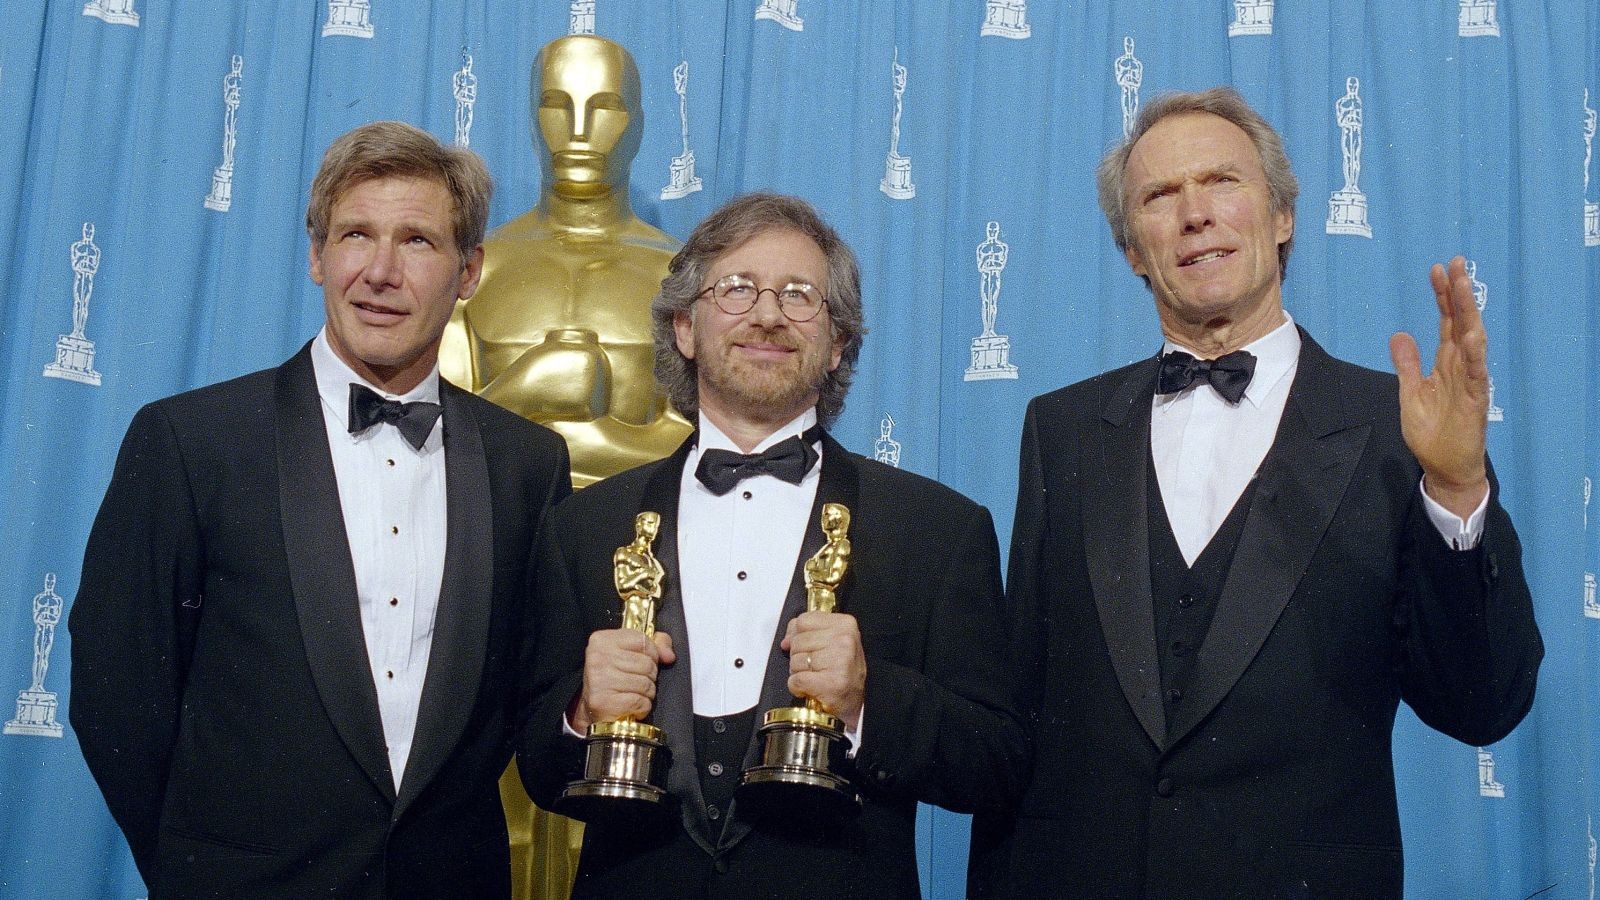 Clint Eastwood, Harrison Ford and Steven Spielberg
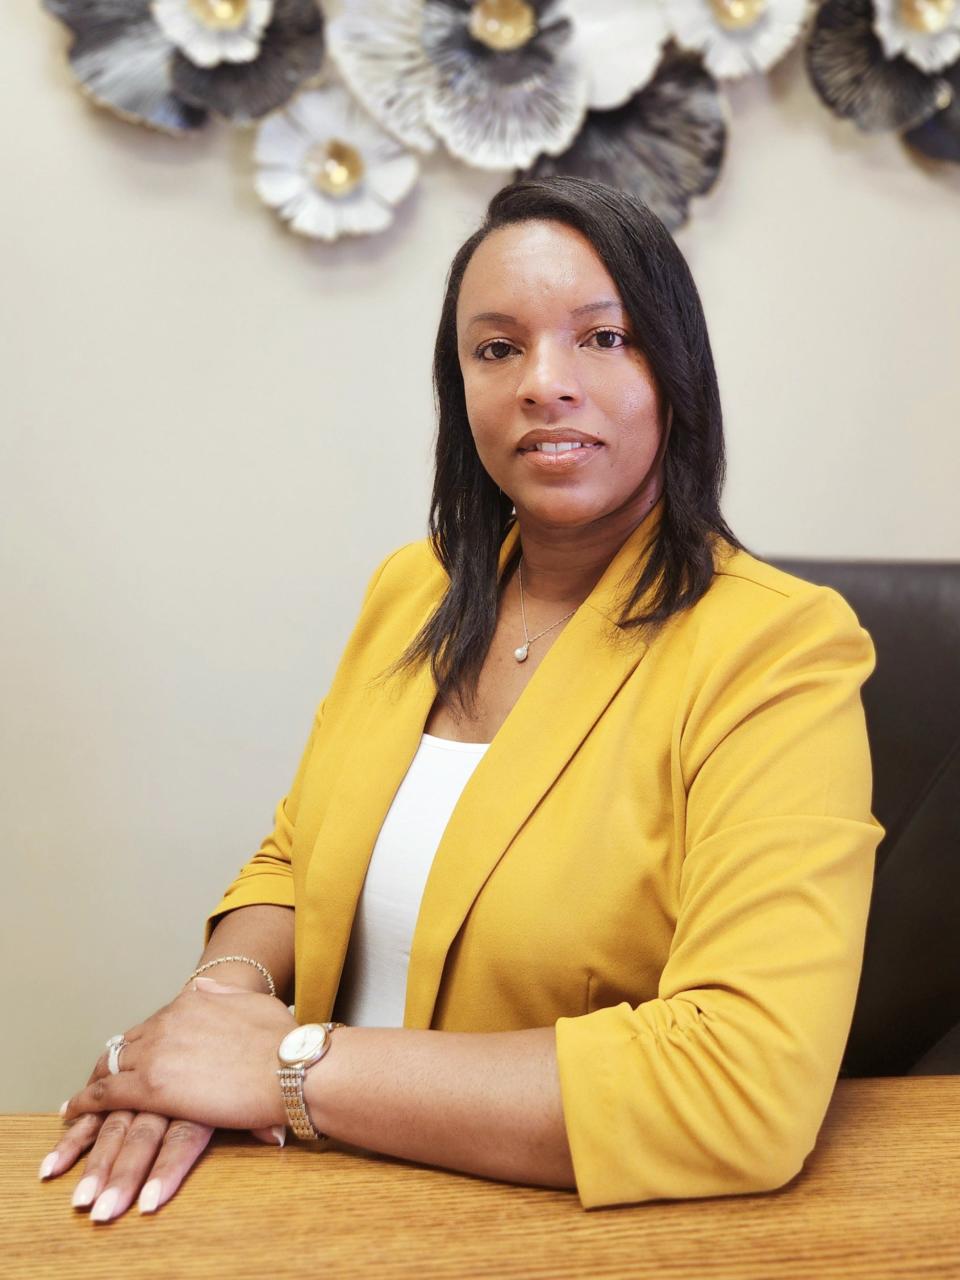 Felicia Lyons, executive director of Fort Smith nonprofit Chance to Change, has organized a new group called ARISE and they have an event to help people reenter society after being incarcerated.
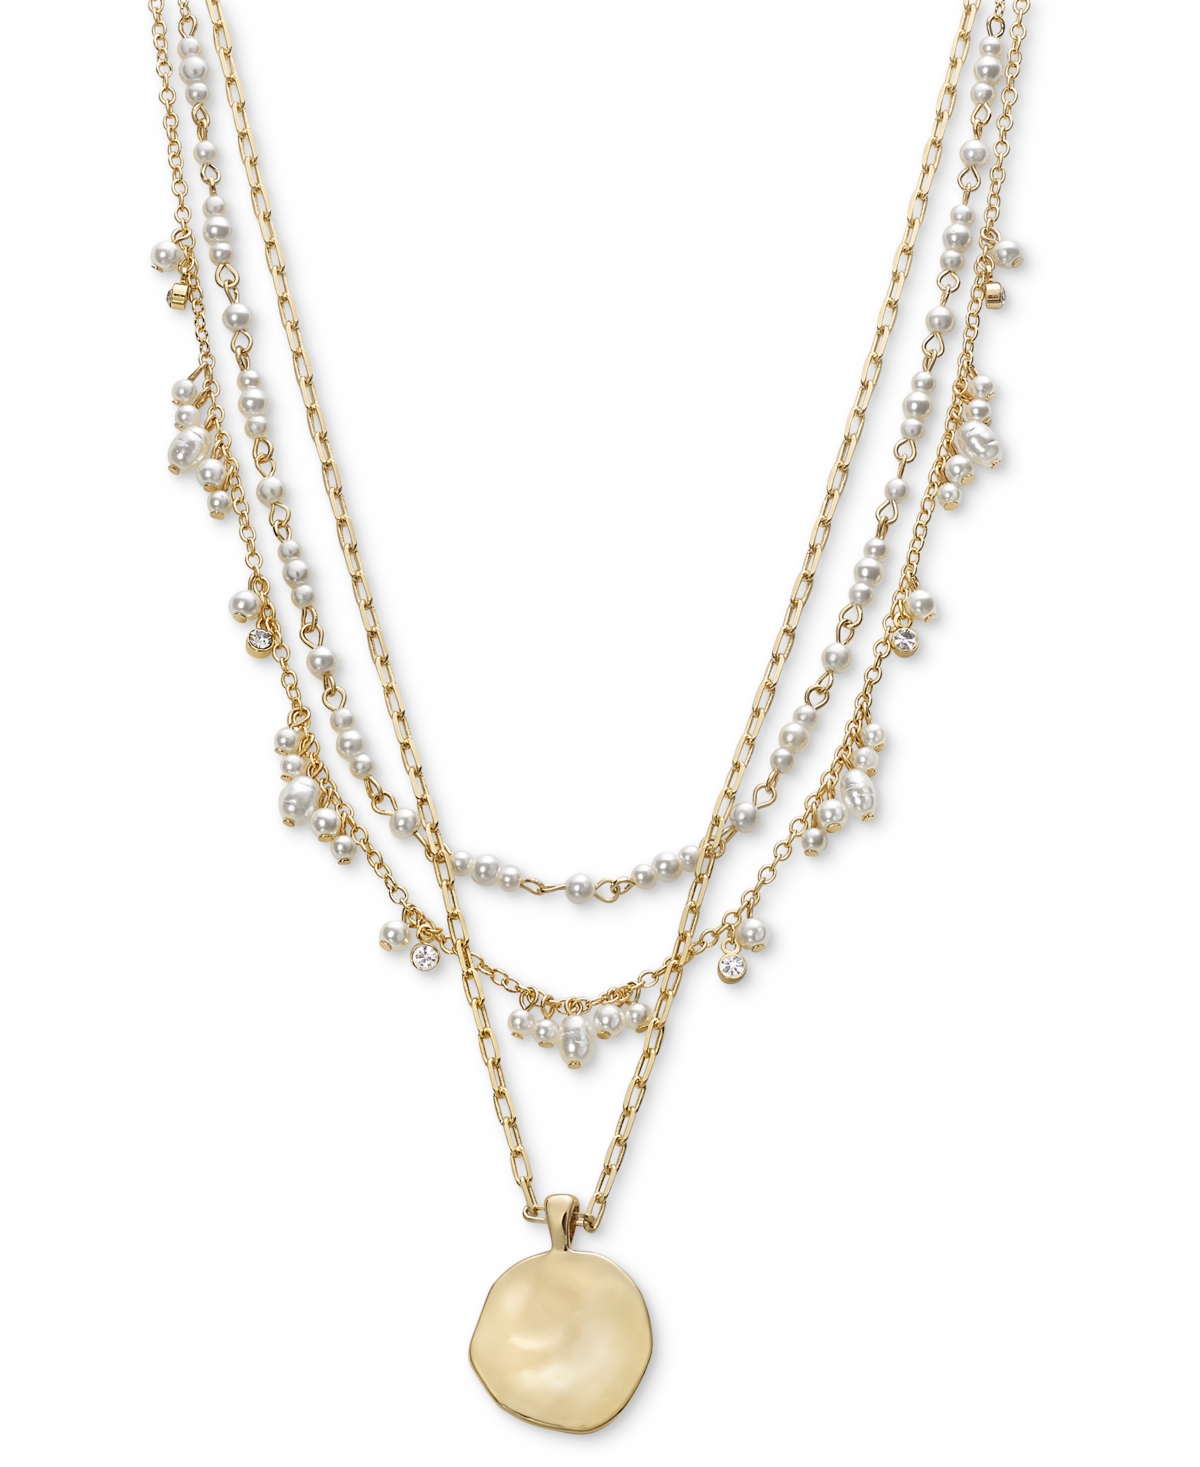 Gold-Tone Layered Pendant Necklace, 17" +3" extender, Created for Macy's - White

[What you need to do] Copy every line of the data word for word, omitting the images.

[Solved problem]
 Clint Eastwood, Harrison Ford and Steven Spielberg
 Felicia Lyons, executive director of Fort Smith nonprofit Chance to Change, has organized a new group called ARISE and they have an event to help people reenter society after being incarcerated.
 Gold-Tone Layered Pendant Necklace, 17" +3" extender, Created for Macy's - White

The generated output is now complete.